Raporda, “Körfez ülkeleri, yatırım yaptıkları ülkelerde dış politika satın almayı hedefliyor. Örneğin, Birleşik Arap Emirlikleri Devlet Başkanı Şeyh Halife bin Zayid Al Nahyan’ın Londra’da bir emlak imparatorluğu bulunurken, Suudi Arabistan’ın Veliaht Prensi Muhammed bin Selman, Batı ülkelerinde gelişmiş teknolojik teçhizat ve son derece lüks gayrimenkule yatırım yapıyor.” örneklerine yer verildi.
İkinci boyutun Körfez ülkeleri arasındaki rekabet olduğu dile getirilen raporda, uluslararası yatırımlarla bölge ülkelerinin birbirine karşı avantaj sağlamaya çalıştığı değerlendirildi.
Körfez ülkelerinin uluslararası yatırımlarıyla ilgili üçüncü boyutun ise “nüfuz alanında bölgesel rekabet” olduğu kaydedilen raporda, böylece diğer bir bölgesel ülkenin başka bir ülkede yatırım vasıtasıyla etki alanını genişletmesini engellemenin amaçlandığı ifade edildi.

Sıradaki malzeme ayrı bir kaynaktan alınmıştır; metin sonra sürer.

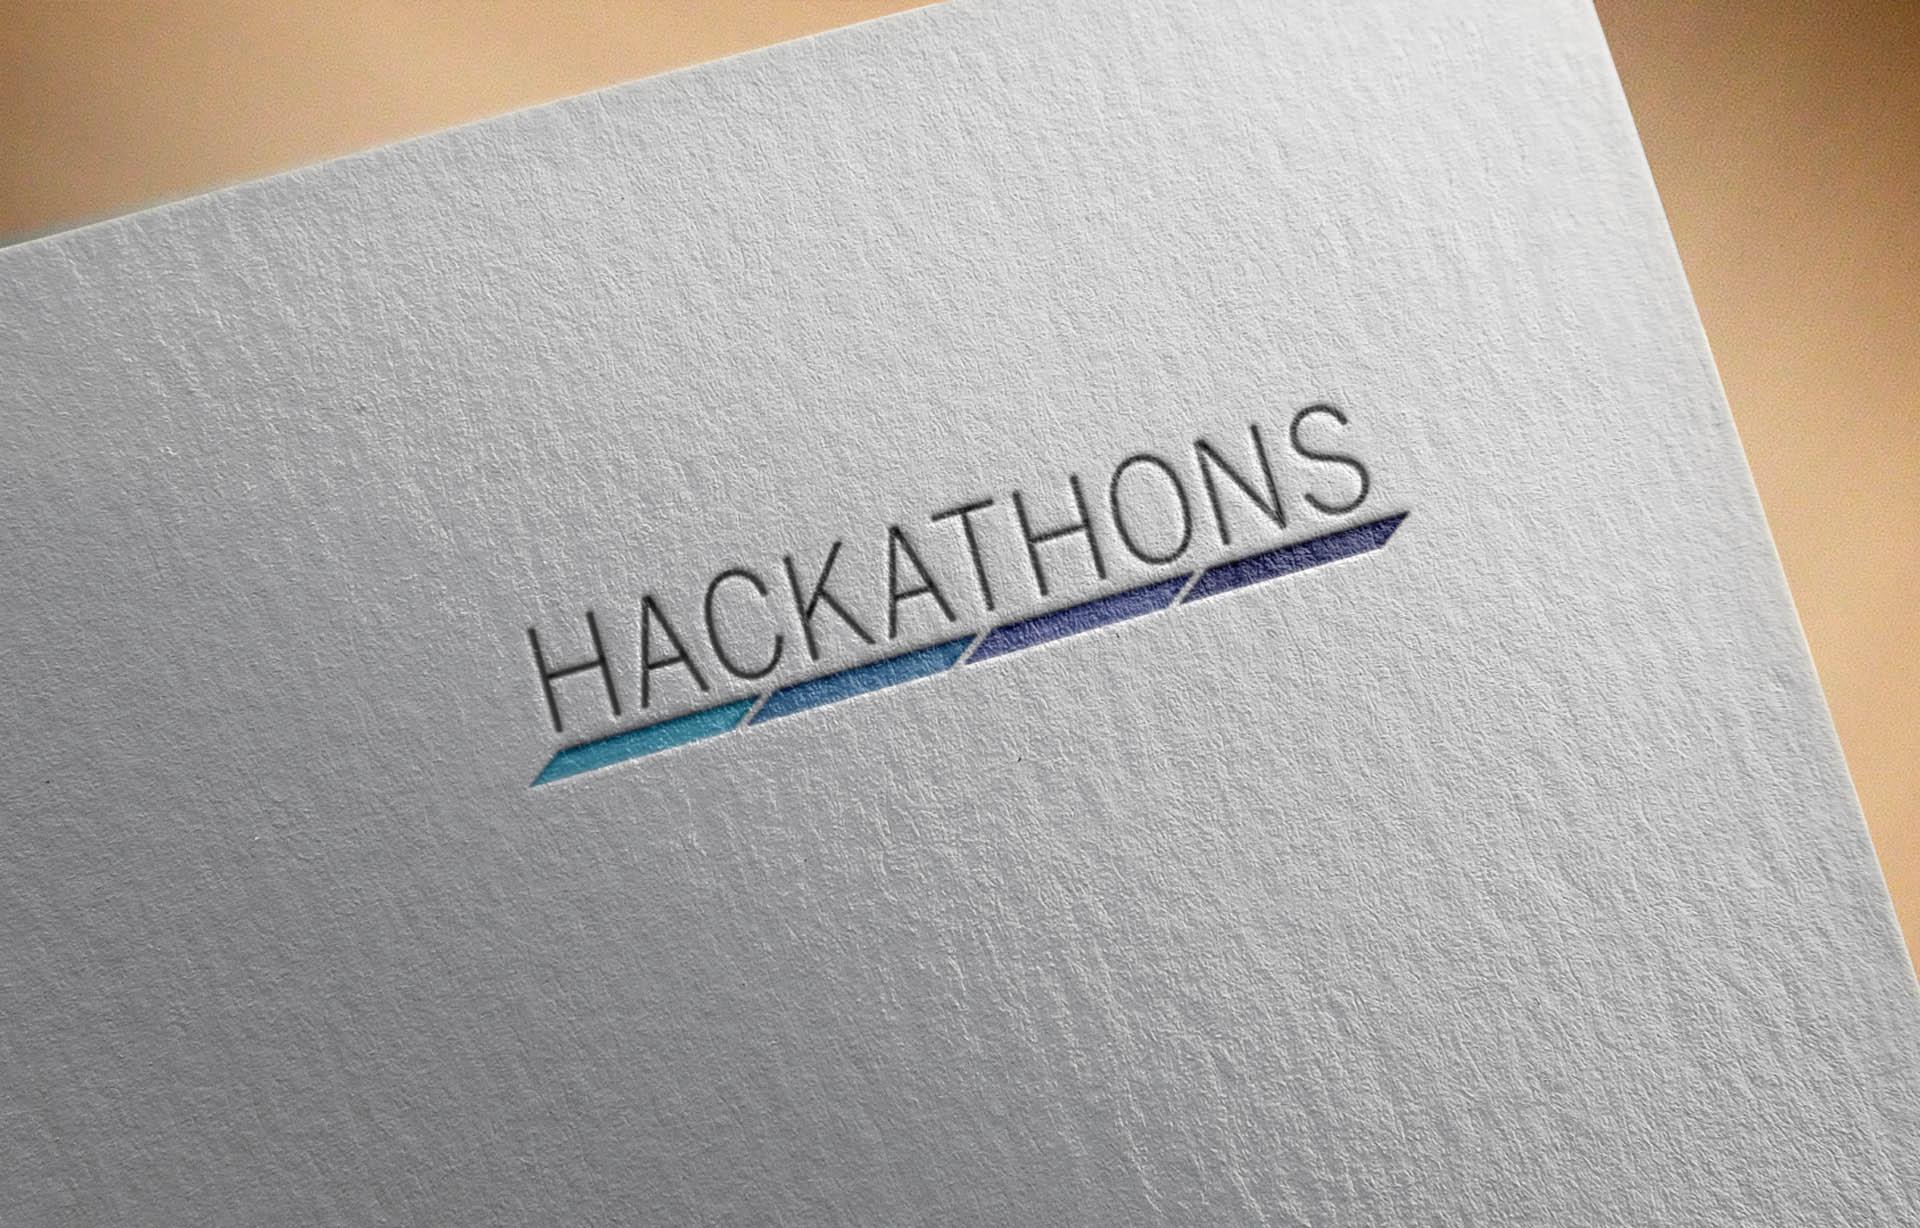 Adatto.cz, tvorba loga - Hackathons
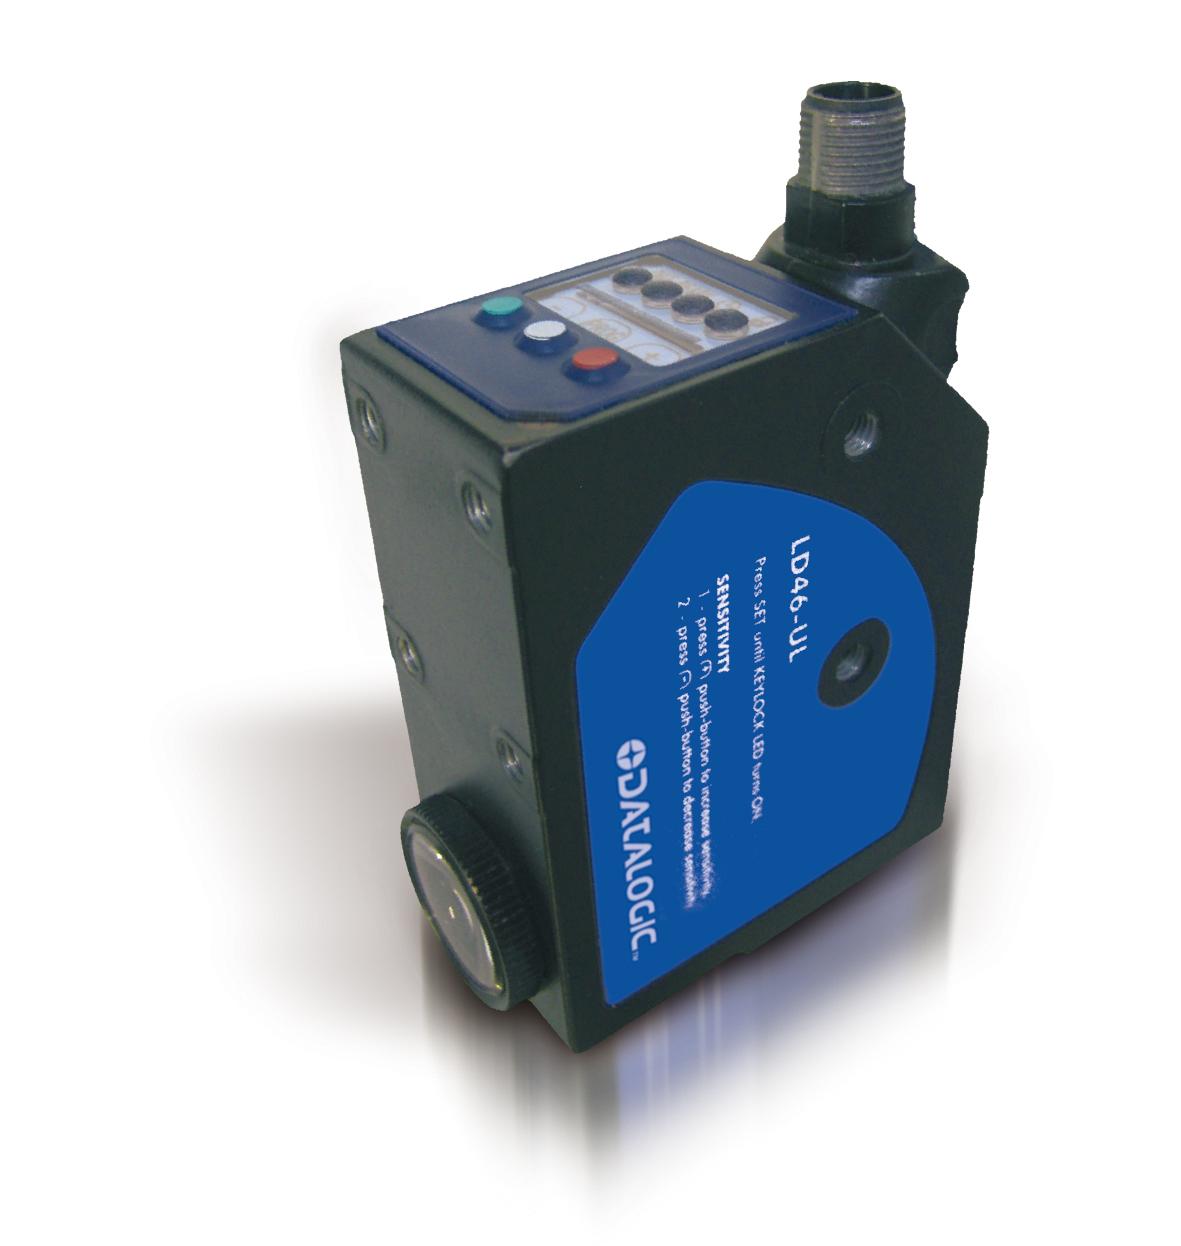 DATALOGIC LD46-UL-755, zasięg 20-40mm, PNP/NPN, konektor M12 – czujnik luminescencji

Raporda, Körfez ülkelerinin, Afrika Boynuzu’nda enerji, limanlar, emlak sektörü gibi alanlara yatırım yaptığına, yatırımların İngiltere ve Fransa gibi Avrupa ülkelerinde gayrimenkul ve spora odaklandığına, ABD’de ise eğitim odaklı olduğuna dikkat çekildi.